From mboxrd@z Thu Jan  1 00:00:00 1970
From: Neil Brown <neilb@suse.de>
Subject: Re: when is a disk "non-fresh"?
Date: Fri, 8 Feb 2008 10:22:36 +1100
Message-ID: <18347.37564.207728.571946@notabene.brown>
References: <200802030354.33435.Dexter.Filmore@gmx.de>
	<200802042305.11860.Dexter.Filmore@gmx.de>
	<18343.50072.164266.861934@notabene.brown>
	<200802072316.20907.Dexter.Filmore@gmx.de>
Mime-Version: 1.0
Content-Type: text/plain; charset=us-ascii
Content-Transfer-Encoding: 7bit
Return-path: <linux-raid-owner@vger.kernel.org>
In-Reply-To: message from Dexter Filmore on Thursday February 7
Sender: linux-raid-owner@vger.kernel.org
To: Dexter Filmore <Dexter.Filmore@gmx.de>
Cc: linux-raid@vger.kernel.org
List-Id: linux-raid.ids

On Thursday February 7, Dexter.Filmore@gmx.de wrote:
> On Tuesday 05 February 2008 03:02:00 Neil Brown wrote:
> > On Monday February 4, Dexter.Filmore@gmx.de wrote:
> > > Seems the other topic wasn't quite clear...
> >
> > not necessarily.  sometimes it helps to repeat your question.  there
> > is a lot of noise on the internet and somethings important things get
> > missed... :-)
> >
> > > Occasionally a disk is kicked for being "non-fresh" - what does this mean
> > > and what causes it?
> >
> > The 'event' count is too small.
> > Every event that happens on an array causes the event count to be
> > incremented.
> 
> An 'event' here is any atomic action?

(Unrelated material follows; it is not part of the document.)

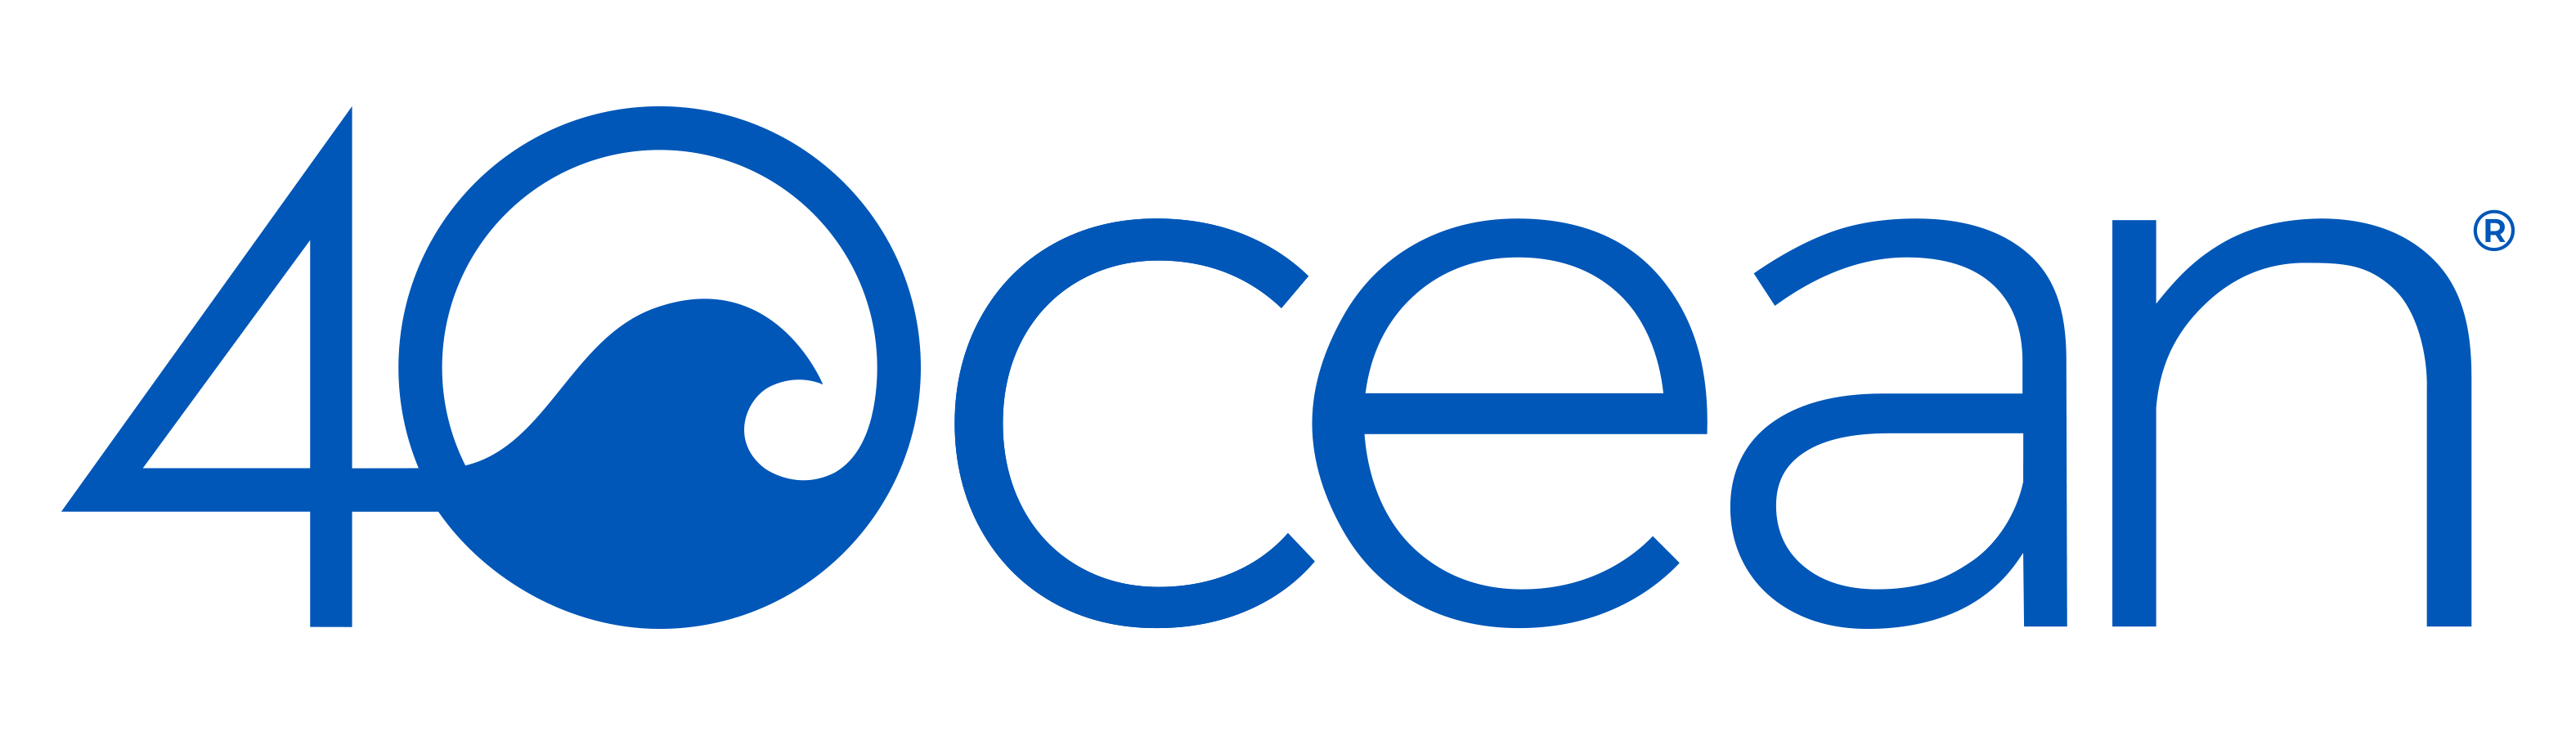 1 - 4 OCEAN * Breast Cancer Awareness Month * Logo_Blue

Like "write byte there" or "calc XOR"?

An 'event' is
   - switch from clean to dirty
   - switch from dirty to clean
   - a device fails
   - a spare finishes recovery
things like that.

> 
> 
> > If the event counts on different devices differ by more than 1, then
> > the smaller number is 'non-fresh'.
> >
> > You need to look to the kernel logs of when the array was previously
> > shut down to figure out why it is now non-fresh.
> 
> The kernel logs show absolutely nothing. Log's fine, next time I boot up, one 
> disk is kicked, I got no clue why, badblocks is fine, smartctl is fine, selft 
> test fine, dmesg and /var/log/messages show nothing apart from that news that 
> the disk was kicked and mdadm -E doesn't say anything suspicious either.

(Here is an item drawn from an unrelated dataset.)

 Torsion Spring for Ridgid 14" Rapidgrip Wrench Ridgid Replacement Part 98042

Can you get "mdadm -E" on all devices *before* attempting to assemble
the array?

> 
> Question: what events occured on the 3 other disks that didn't occur on the 
> last? It only happens after reboots, not while the machine is up so the 
> closest assumption is that the array is not properly shut down somehow during 
> system shutdown - only I wouldn't know why.

Yes, most likely is that the array didn't shut down properly.

> Box is Slackware 11.0, 11 doesn't come with raid script of its own so I hacked 
> them into the boot scripts myself and carefully watched that everything 
> accessing the array is down before mdadm --stop --scan is issued.
> No NFS, no Samba, no other funny daemons, disks are synced and so on.
> 
> I could write some failsafe inot it by checking if the event count is the same 
> on all disks before --stop, but even if it wasn't, I really wouldn't know 
> what to do about it.
> 
> (btw mdadm -E gives me:     Events : 0.1149316 - what's with the 0. ?)
> 

The events count is a 64bit number and for historical reasons it is
printed as 2 32bit numbers.  I agree this is ugly.

NeilBrown